Прошу читателя держать в памяти как подчеркнутую мною фразу, так и хронологию событий. Сделанное нами недавно открытие, быть может, и ничего не значит, но совпадения и имена многозначительны. Во всяком случае оно представляет более чем простой интерес для русских читателей. Легенд насчет пандита Васишти что деревьев в лесу дремучем; но я выбрала лишь ту, прямо относящуюся к делу. Что этот пандит был русский, взятый мальчиком в плен татарами во время победы Иоанна Грозного в 1552 над Золотой Ордой, при Казани, то это не представляет для меня теперь ни малейшего сомнения. А что касается вопроса: кто именно таков был этот легендарный «пандит», чтo он имел общего с княжескими русскими фамилиями, то предоставляю это на разрешение самих читателей. Наша песня еще впереди, и самое странное из этой странной истории еще не сказано, хотя, конечно, одно имя Аджaнубаху ничего еще не значит. Это прозвище дается здесь вообще всем адептам «тайных наук». Народная молва уверяет, будто особа, предназначенная судьбой сделаться «владыкой тайных сил природы», родится с весьма длинными руками… Возвращаюсь к истории.

Во время взятия Дели приступом в 1857-58 году, англичане ворвались наконец в город. Во время свалки и этой ужасной резни сипай хранитель сокровищ исчез, и о нем никогда не слыхали более. Чтo сталось с сокровищами – не берусь сказать. Но ларчик с бумагами оставил по себе следы. По крайней мере, по рассказам, один из свитков пергамента находится у некоего воеводы Северо-Западных провинций. Рукописи написаны частью по-персидски, частью на языке хинди, и каждая бумага носит на себе собственную печать императора. Это заметки, записки, документы, кои в целом составляют как бы записную книжку императора Джеллал-Уддина Акбара. Узнала же я о существовании их и содержании одного из пергаментов следующим курьезным манером. Один из членов нашего Теософического Общества, близкий родственник обладающего таинственным свертком, пожелал узнать от меня, нет ли в числе русских княжеских фамилий имени и фамилии «Васишти Аджaнубаху».

– Нет, никогда не слыхала, – говорю. – Есть у нас имя Василий, но не Васишти, а про «Аджанубаху» не слыхивала. Это чтo же за имя такое? Аджaнубаху в переводе с санскритского, кажется, «длинные руки» (аджaну – длинные, баху – руки). Так прозывался Сиваджи, великий вождь махратов и основатель их царства? О нем, что ли, идет дело!..

– Нет, – говорит, – не совсем. Ну, а имя Лонгиманус есть в России?

– И того нет; а есть фамилия Долгоруких, если буквально перевести с латинского Лонгиманус и санскритского Аджaнубаху.

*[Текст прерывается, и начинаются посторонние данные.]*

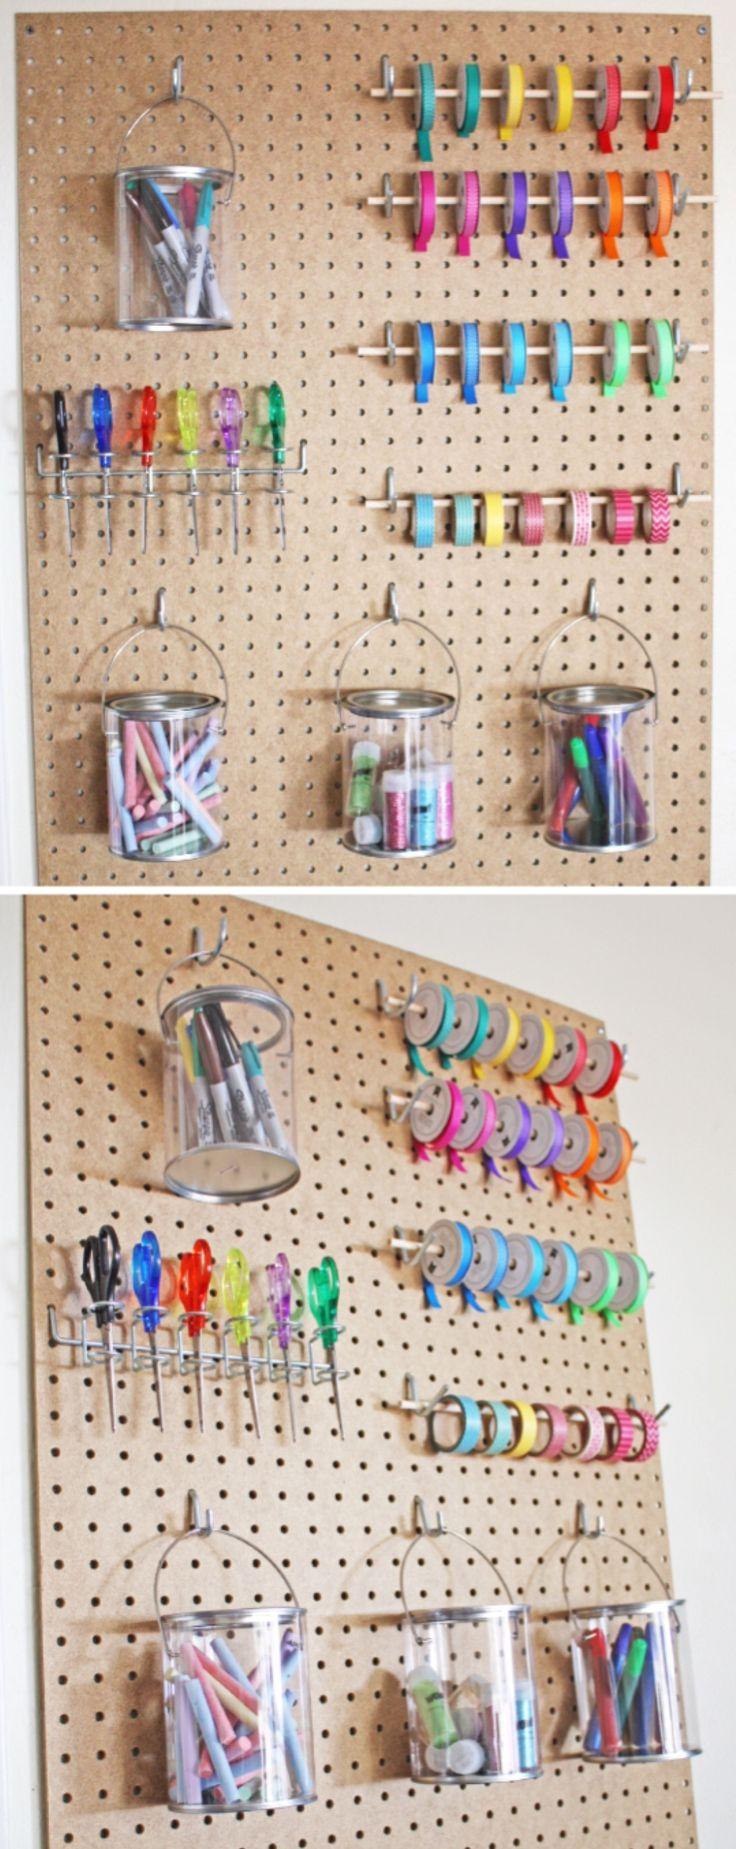 Craft room organization ideas - Pegboard Craft Room Storage Idea
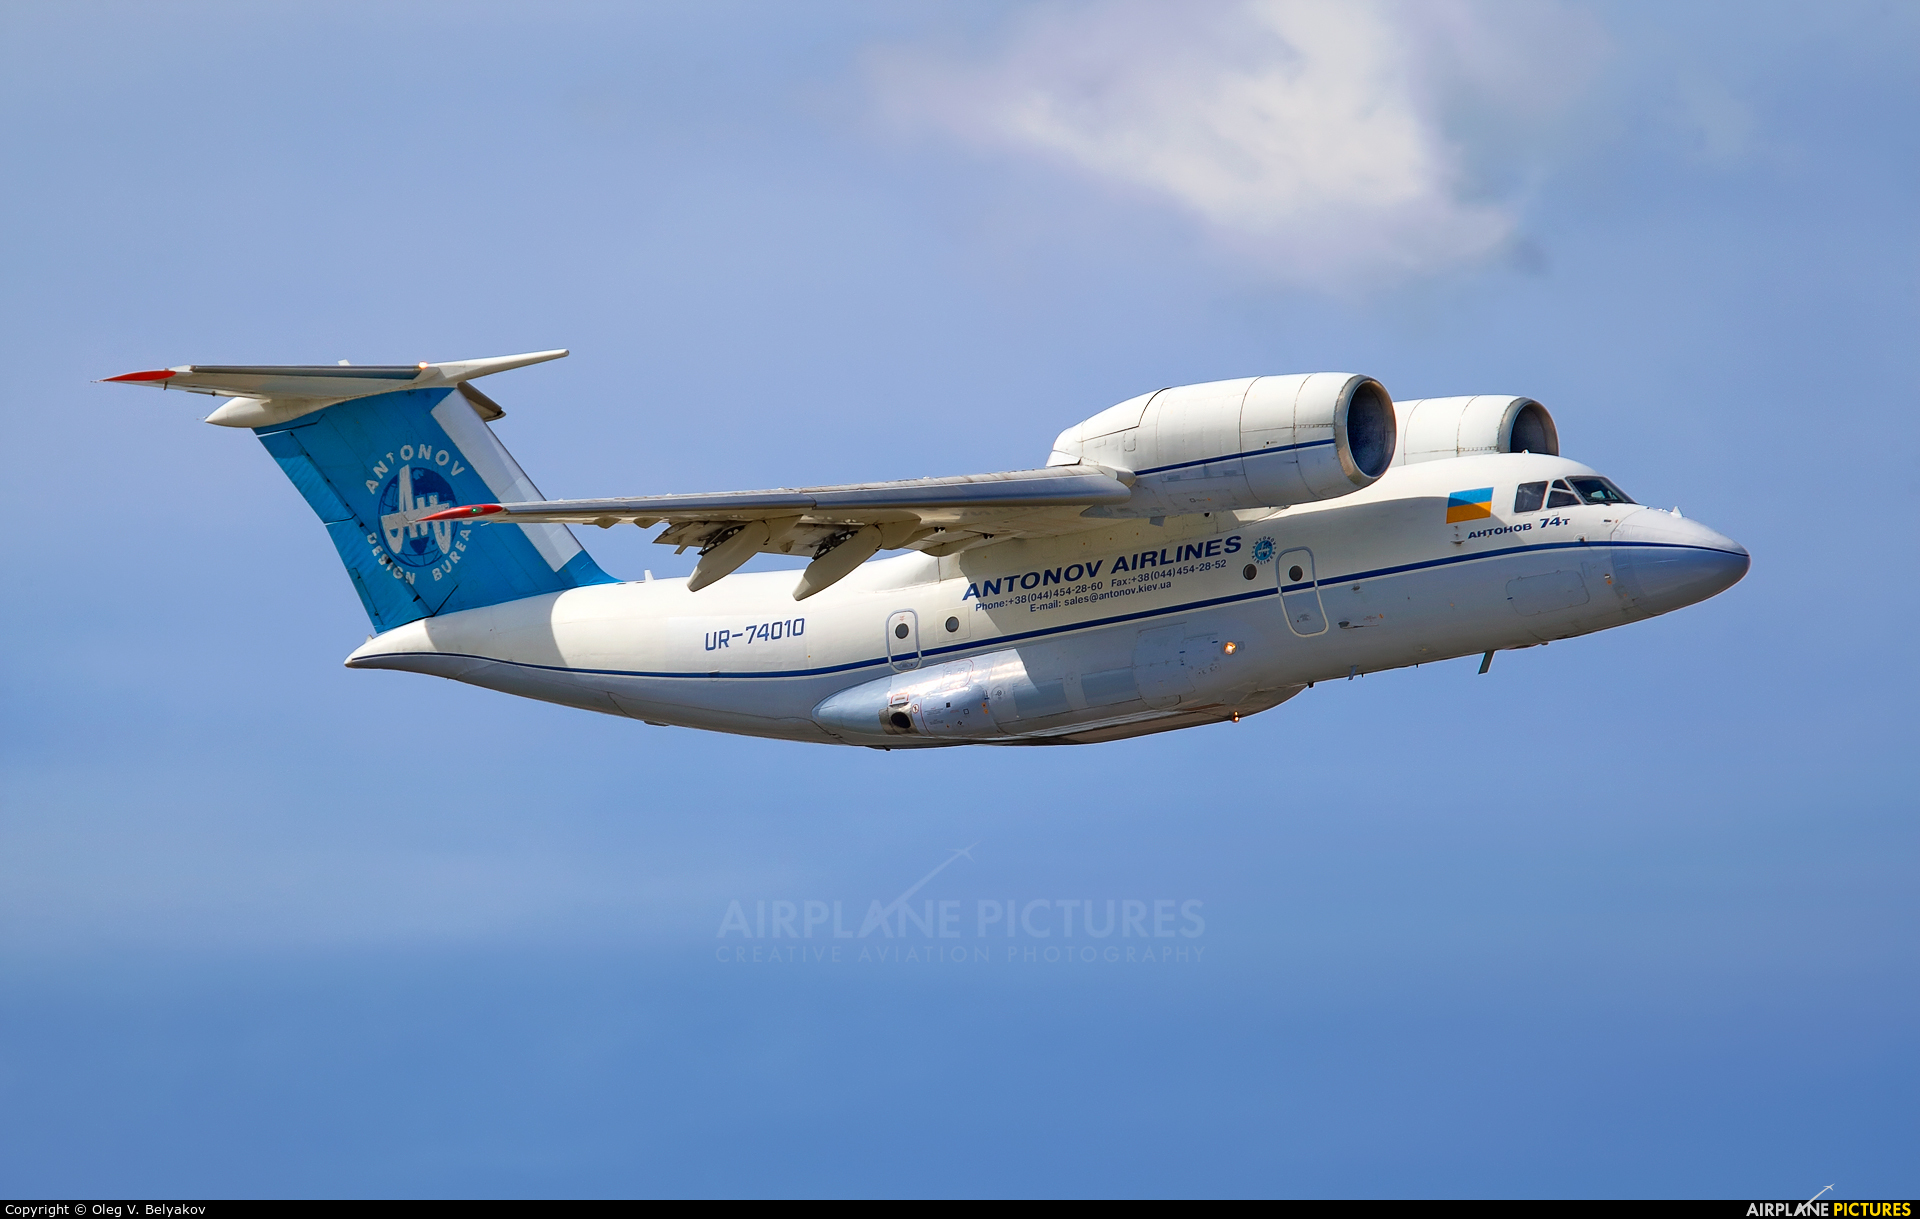 Antonov Airlines /  Design Bureau UR-74010 aircraft at Kyiv - Gostomel

– Ну вот и добрались, – замечает мне мой собеседник, – теперь для меня все ясно…

– A для меня так стало еще темнее!..

Тогда я узнала от него легенду о пандите Васиште и Акбаре и только что рассказанный мною эпизод при Дели. Записки Акбара интересовали его уже с давних пор. Хорошо знакомый с языками, он изучил заметки императора и, зная о легенде астролога Васишти в Агре, тотчас же смекнул, что одна из записей в них касается этого таинственного незнакомца. На все мои просьбы показать мне бумаги он должен был отказать мне, так как они хранятся в тайнике, известном одному их обладателю, старшему брату его. Но тут же обещал перевести слово в слово акбаровскую запись, которую он списал для себя. Он сдержал слово. Вот она, как была написана, по летосчислению мусульман, в 938 году хиджры.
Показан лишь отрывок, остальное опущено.